## Exercise description
Transcribe the data below verbatim from the line with "Jennifer Lawrence, fiance Cooke Maroney" to the line with "Unternehmen SPEDICAM & LOGISTIK". Include both of those lines.

## Supplied data
┌──
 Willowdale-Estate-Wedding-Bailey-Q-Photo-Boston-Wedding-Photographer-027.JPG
└──
┌──
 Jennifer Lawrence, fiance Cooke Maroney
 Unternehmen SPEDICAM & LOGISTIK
└──
## Task output
 Jennifer Lawrence, fiance Cooke Maroney
 Unternehmen SPEDICAM & LOGISTIK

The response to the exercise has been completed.